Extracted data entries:
....................
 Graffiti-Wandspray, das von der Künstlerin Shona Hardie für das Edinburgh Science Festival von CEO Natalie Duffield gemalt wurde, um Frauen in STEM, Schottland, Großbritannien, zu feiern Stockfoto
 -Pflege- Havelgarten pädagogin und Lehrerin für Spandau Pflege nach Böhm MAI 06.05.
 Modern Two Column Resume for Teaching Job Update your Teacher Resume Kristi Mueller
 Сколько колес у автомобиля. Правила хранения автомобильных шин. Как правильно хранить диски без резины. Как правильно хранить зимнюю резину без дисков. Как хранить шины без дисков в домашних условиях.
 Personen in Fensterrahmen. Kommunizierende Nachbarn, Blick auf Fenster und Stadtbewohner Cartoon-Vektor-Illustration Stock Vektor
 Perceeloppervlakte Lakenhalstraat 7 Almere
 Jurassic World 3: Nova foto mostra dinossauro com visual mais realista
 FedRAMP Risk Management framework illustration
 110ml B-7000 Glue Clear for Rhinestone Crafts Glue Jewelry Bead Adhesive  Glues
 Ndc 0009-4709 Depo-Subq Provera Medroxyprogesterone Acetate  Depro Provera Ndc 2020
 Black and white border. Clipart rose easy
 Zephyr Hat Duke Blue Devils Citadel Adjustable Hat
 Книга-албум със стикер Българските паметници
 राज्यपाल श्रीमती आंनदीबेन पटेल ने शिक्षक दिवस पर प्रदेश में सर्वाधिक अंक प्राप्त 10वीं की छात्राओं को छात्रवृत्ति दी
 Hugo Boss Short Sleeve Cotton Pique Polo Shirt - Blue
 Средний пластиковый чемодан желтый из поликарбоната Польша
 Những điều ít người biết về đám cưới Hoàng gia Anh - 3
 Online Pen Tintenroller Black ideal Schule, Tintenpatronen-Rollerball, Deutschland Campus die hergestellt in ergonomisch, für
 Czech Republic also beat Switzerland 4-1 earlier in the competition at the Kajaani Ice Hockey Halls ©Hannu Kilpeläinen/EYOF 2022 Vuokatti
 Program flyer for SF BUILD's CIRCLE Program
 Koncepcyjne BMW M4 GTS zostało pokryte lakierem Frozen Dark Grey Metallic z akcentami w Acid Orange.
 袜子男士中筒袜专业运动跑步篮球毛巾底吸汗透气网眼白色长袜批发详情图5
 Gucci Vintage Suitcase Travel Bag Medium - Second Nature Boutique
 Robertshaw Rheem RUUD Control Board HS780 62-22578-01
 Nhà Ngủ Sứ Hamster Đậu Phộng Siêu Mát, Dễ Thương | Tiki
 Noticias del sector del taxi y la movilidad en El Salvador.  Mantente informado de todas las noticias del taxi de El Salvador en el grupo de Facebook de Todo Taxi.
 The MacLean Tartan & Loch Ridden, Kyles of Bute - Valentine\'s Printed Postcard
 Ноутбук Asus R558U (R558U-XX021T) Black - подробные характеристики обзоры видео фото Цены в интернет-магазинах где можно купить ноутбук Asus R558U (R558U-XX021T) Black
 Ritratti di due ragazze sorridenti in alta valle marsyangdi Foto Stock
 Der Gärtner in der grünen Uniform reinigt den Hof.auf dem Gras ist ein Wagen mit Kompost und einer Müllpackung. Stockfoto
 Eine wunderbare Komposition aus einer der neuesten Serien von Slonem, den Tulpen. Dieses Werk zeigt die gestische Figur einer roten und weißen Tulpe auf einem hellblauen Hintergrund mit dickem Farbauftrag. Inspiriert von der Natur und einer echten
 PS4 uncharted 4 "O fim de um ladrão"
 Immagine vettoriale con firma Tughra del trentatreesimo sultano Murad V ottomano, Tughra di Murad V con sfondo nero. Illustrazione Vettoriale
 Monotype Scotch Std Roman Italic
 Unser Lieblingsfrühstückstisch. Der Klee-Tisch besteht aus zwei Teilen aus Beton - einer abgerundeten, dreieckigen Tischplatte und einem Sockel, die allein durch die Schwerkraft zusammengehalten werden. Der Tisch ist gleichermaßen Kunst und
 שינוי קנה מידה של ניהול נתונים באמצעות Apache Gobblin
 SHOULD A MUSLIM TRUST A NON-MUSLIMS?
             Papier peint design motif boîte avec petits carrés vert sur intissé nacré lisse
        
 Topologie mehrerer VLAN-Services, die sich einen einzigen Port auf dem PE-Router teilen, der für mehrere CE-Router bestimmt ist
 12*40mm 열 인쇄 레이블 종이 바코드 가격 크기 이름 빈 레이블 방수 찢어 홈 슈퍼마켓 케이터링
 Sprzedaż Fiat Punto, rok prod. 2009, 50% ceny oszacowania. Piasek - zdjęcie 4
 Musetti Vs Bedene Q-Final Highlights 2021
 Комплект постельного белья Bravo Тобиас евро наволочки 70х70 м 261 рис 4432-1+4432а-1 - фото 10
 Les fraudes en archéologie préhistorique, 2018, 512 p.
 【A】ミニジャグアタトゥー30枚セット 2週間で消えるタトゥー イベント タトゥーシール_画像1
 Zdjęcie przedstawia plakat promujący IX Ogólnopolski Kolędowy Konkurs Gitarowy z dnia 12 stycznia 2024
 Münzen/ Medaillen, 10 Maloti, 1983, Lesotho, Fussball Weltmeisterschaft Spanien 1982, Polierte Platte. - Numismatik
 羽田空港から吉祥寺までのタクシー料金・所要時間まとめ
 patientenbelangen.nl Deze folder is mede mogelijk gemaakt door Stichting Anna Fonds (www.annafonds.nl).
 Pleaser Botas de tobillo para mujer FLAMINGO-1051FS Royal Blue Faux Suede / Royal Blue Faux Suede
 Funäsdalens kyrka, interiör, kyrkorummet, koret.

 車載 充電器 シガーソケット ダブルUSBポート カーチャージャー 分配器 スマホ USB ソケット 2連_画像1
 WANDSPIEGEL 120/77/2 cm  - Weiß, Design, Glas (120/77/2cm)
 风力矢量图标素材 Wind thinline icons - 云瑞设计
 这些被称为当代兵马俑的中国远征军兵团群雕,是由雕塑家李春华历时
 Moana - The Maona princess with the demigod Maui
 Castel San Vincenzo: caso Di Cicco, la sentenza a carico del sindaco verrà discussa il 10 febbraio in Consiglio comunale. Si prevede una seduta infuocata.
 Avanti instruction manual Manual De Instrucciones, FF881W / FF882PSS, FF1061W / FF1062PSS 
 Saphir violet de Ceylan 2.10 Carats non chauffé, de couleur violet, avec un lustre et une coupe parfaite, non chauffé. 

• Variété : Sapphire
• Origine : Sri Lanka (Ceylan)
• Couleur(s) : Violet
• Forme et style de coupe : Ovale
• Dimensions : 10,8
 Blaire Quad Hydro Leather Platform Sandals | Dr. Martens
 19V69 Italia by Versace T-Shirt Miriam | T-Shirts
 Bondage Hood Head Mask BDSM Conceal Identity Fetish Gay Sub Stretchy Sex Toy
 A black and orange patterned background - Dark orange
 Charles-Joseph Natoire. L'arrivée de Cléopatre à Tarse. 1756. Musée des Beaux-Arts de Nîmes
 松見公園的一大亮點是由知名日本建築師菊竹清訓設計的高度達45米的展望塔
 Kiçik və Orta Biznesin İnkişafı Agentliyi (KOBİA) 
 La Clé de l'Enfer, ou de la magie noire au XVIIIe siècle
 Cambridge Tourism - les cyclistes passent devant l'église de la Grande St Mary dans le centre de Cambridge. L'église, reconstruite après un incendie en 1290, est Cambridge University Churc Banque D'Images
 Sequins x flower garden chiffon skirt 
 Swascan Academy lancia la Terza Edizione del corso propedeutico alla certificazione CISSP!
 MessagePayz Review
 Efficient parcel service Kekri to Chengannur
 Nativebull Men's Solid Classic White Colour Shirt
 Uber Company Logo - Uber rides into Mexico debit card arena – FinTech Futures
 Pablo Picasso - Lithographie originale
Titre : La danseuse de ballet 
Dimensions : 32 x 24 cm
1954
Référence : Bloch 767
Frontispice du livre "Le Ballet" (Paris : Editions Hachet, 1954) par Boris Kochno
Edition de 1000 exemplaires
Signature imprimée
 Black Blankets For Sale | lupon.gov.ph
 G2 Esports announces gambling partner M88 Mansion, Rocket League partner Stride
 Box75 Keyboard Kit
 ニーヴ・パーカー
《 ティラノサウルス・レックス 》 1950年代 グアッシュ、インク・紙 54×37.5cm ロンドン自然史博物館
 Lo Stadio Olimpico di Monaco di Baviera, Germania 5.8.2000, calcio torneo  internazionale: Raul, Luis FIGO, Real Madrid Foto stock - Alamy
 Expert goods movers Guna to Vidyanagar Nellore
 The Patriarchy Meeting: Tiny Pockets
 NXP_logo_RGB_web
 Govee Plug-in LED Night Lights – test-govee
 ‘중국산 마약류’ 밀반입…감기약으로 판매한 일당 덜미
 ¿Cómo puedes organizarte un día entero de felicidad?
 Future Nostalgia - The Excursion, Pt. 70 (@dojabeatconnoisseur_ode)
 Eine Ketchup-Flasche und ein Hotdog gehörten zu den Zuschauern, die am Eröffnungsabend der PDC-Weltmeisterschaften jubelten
....................
__WHAT TO WORK ON__
Look above for the line that contains "WANDSPIEGEL 120/77/2 cm". Starting there, transcribe every line exactly until you have copied the line that contains "Lo Stadio Olimpico".

__RESPONSE AREA__
 WANDSPIEGEL 120/77/2 cm  - Weiß, Design, Glas (120/77/2cm)
 风力矢量图标素材 Wind thinline icons - 云瑞设计
 这些被称为当代兵马俑的中国远征军兵团群雕,是由雕塑家李春华历时
 Moana - The Maona princess with the demigod Maui
 Castel San Vincenzo: caso Di Cicco, la sentenza a carico del sindaco verrà discussa il 10 febbraio in Consiglio comunale. Si prevede una seduta infuocata.
 Avanti instruction manual Manual De Instrucciones, FF881W / FF882PSS, FF1061W / FF1062PSS 
 Saphir violet de Ceylan 2.10 Carats non chauffé, de couleur violet, avec un lustre et une coupe parfaite, non chauffé. 

• Variété : Sapphire
• Origine : Sri Lanka (Ceylan)
• Couleur(s) : Violet
• Forme et style de coupe : Ovale
• Dimensions : 10,8
 Blaire Quad Hydro Leather Platform Sandals | Dr. Martens
 19V69 Italia by Versace T-Shirt Miriam | T-Shirts
 Bondage Hood Head Mask BDSM Conceal Identity Fetish Gay Sub Stretchy Sex Toy
 A black and orange patterned background - Dark orange
 Charles-Joseph Natoire. L'arrivée de Cléopatre à Tarse. 1756. Musée des Beaux-Arts de Nîmes
 松見公園的一大亮點是由知名日本建築師菊竹清訓設計的高度達45米的展望塔
 Kiçik və Orta Biznesin İnkişafı Agentliyi (KOBİA) 
 La Clé de l'Enfer, ou de la magie noire au XVIIIe siècle
 Cambridge Tourism - les cyclistes passent devant l'église de la Grande St Mary dans le centre de Cambridge. L'église, reconstruite après un incendie en 1290, est Cambridge University Churc Banque D'Images
 Sequins x flower garden chiffon skirt 
 Swascan Academy lancia la Terza Edizione del corso propedeutico alla certificazione CISSP!
 MessagePayz Review
 Efficient parcel service Kekri to Chengannur
 Nativebull Men's Solid Classic White Colour Shirt
 Uber Company Logo - Uber rides into Mexico debit card arena – FinTech Futures
 Pablo Picasso - Lithographie originale
Titre : La danseuse de ballet 
Dimensions : 32 x 24 cm
1954
Référence : Bloch 767
Frontispice du livre "Le Ballet" (Paris : Editions Hachet, 1954) par Boris Kochno
Edition de 1000 exemplaires
Signature imprimée
 Black Blankets For Sale | lupon.gov.ph
 G2 Esports announces gambling partner M88 Mansion, Rocket League partner Stride
 Box75 Keyboard Kit
 ニーヴ・パーカー
《 ティラノサウルス・レックス 》 1950年代 グアッシュ、インク・紙 54×37.5cm ロンドン自然史博物館
 Lo Stadio Olimpico di Monaco di Baviera, Germania 5.8.2000, calcio torneo  internazionale: Raul, Luis FIGO, Real Madrid Foto stock - Alamy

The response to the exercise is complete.